Pages can be bookmarked easily only _sometimes!_ Everybody seems to have
adopted the same database-centric but user-hostile (and cache/crawler-hostile)
approach to pagination of posts (see: any blog platform, engadget, tumblr,
etc).

Their brain damaged flow goes: You make a new post. The new post appears at
the top of the front page. But, the front page has a limited number of story
slots. So, the oldest story on the front page gets pushed to page two. But
page two has limited slots, so the oldest story on page two goes to page
three. Repeat for every page.

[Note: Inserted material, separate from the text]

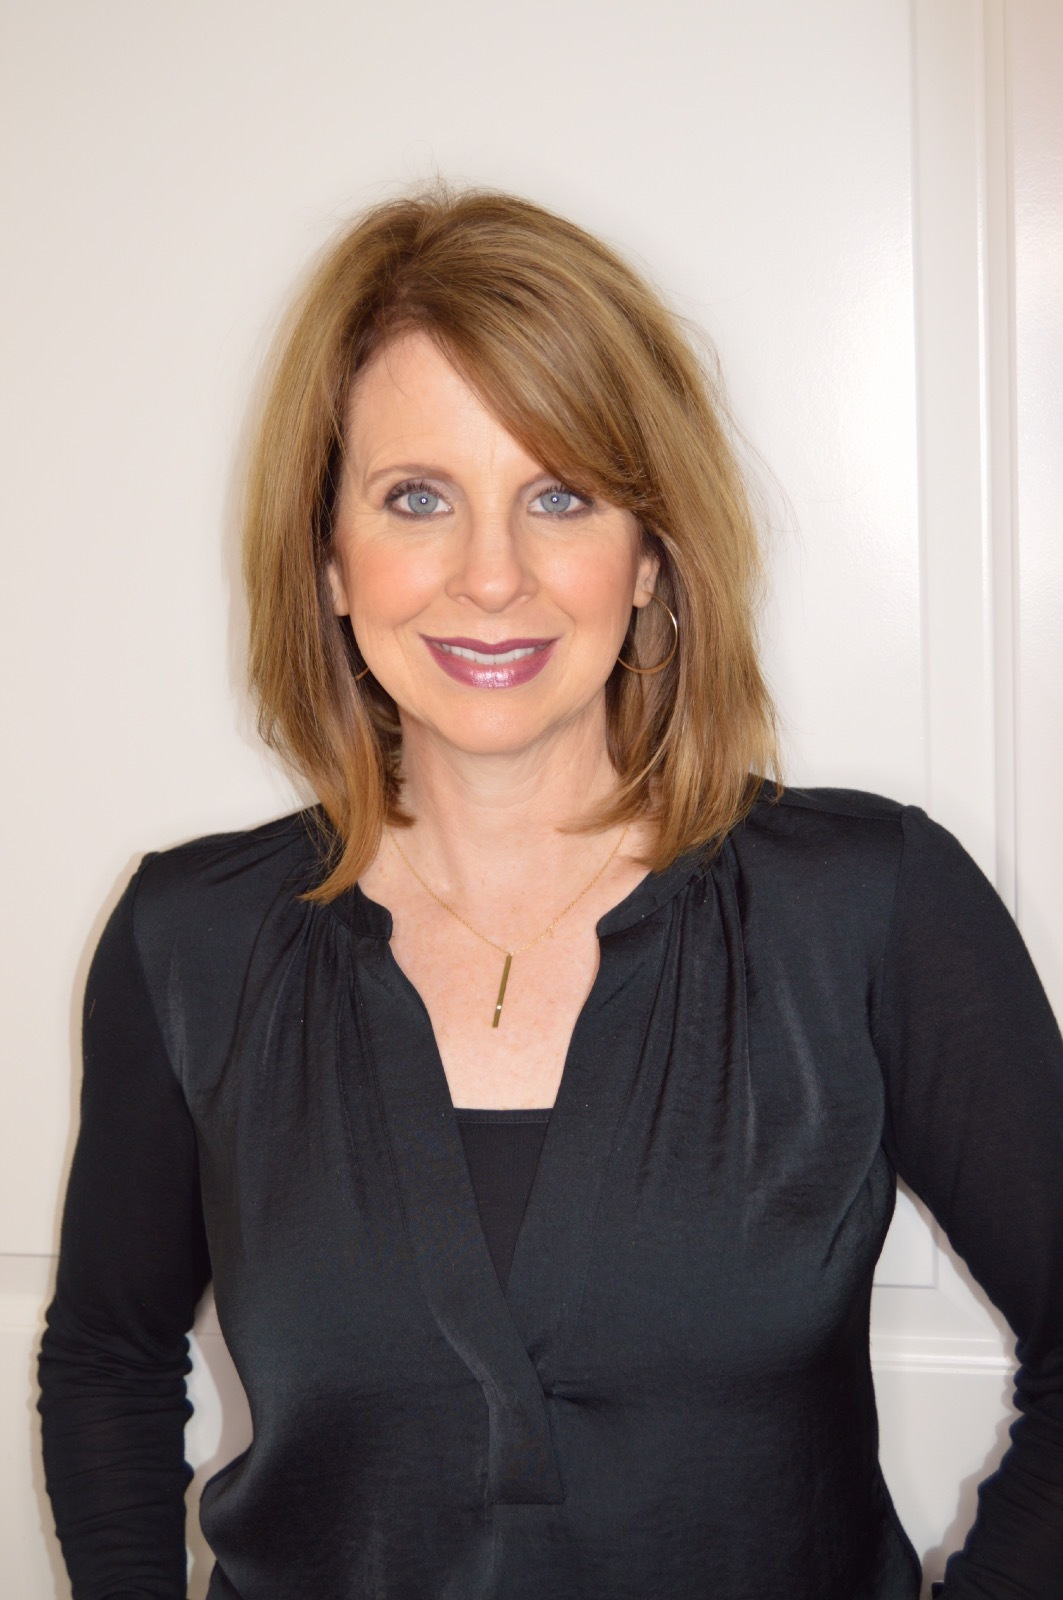 Cindy DeMaio
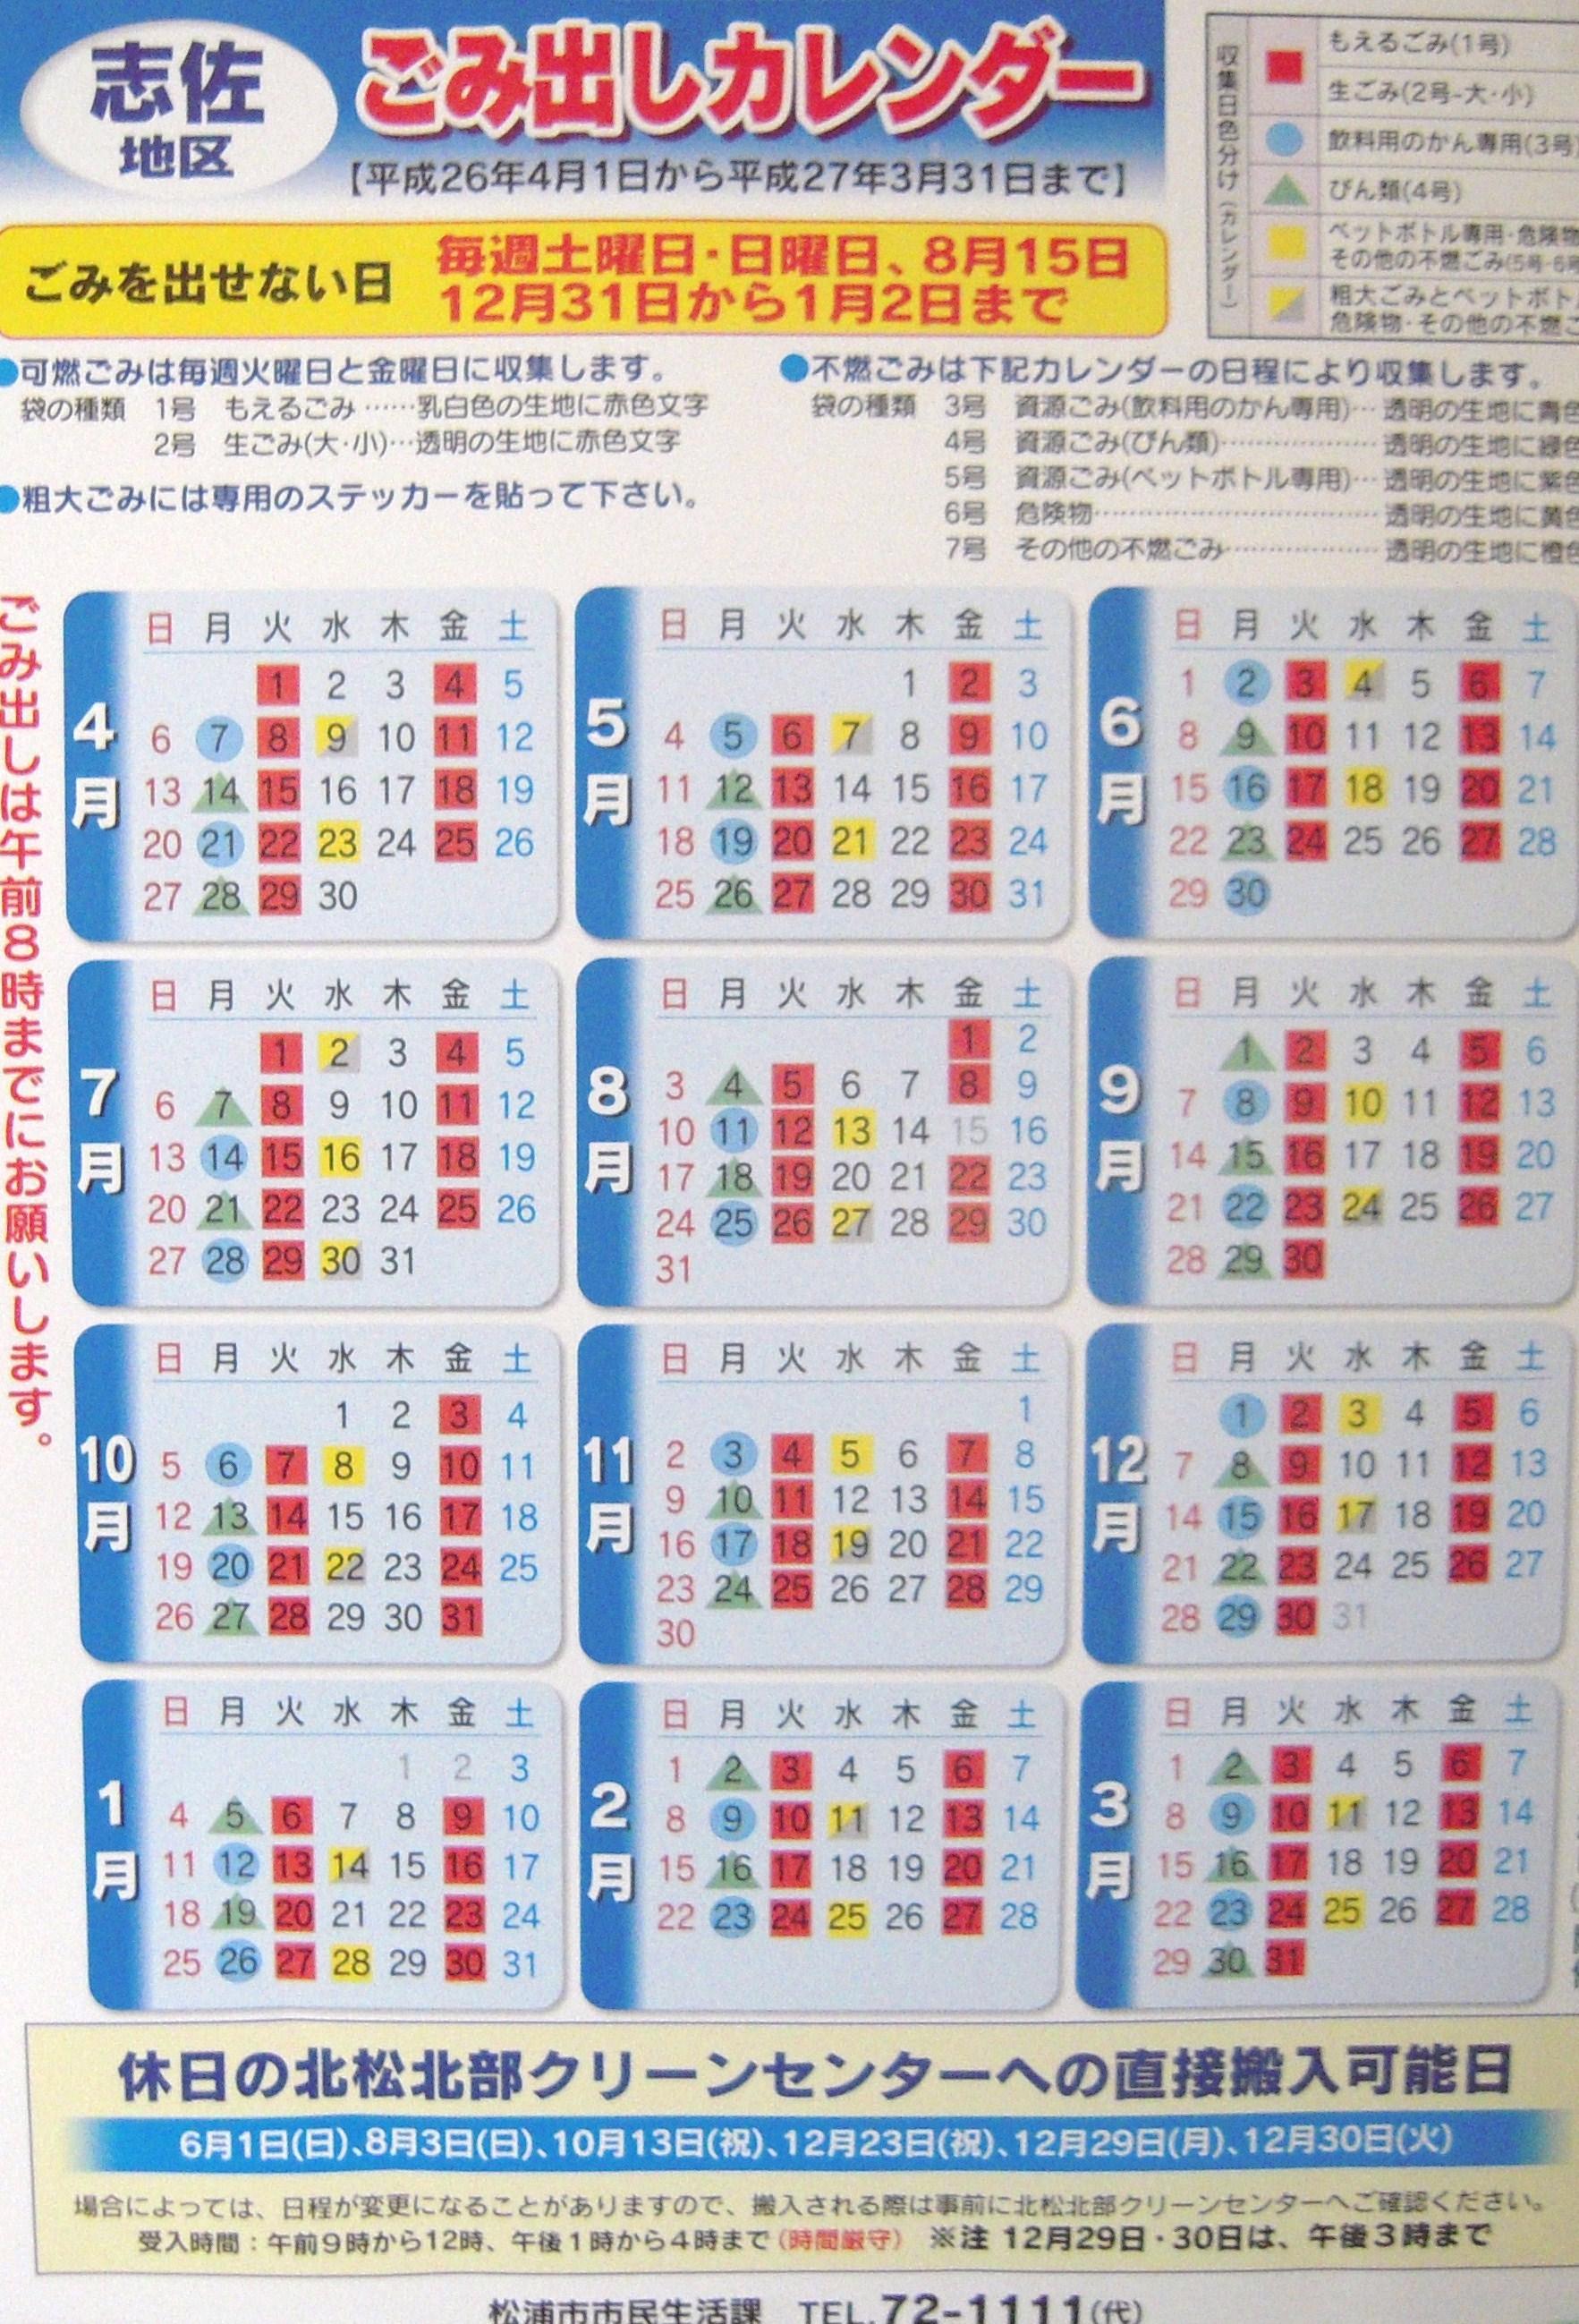 松浦市ゴミ回収カレンダー2014年度_志佐

Some sites have tens to hundreds of thousands of
"pages." (Preemptive note to future comment haters: I know the site doesn't
"push" articles to every page because it's all just database queries, but the
effect is the same.)

Every time you make a new post, you invalidate all thousand (ten thousand?
100k? million?) older pages. It's absolutely moronic. Google has no chance of
keeping up. You make one new post and Google has to re-index thousands of
pages.

The proper solution is to make pages "fill up" then have your root page point
to the highest numbered page. Example: <http://omgpagination.tumblr.com/>
would logically be page 600, then the "Older Posts" button would link to page
599. Instead, everybody right now makes / always be page 1, "Older Posts"
always links to page 2, etc. But those URLs aren't content stable and every
update invalidates your cache of the entire site. Your oldest posts on your
site should always be on page 1, not a moving target of page {TOTAL_POSTS /
POSTS_PER_PAGE}.

In short: be a little more clever and do the right thing for your caches.
What's good for your caches is inevitably good for your users too.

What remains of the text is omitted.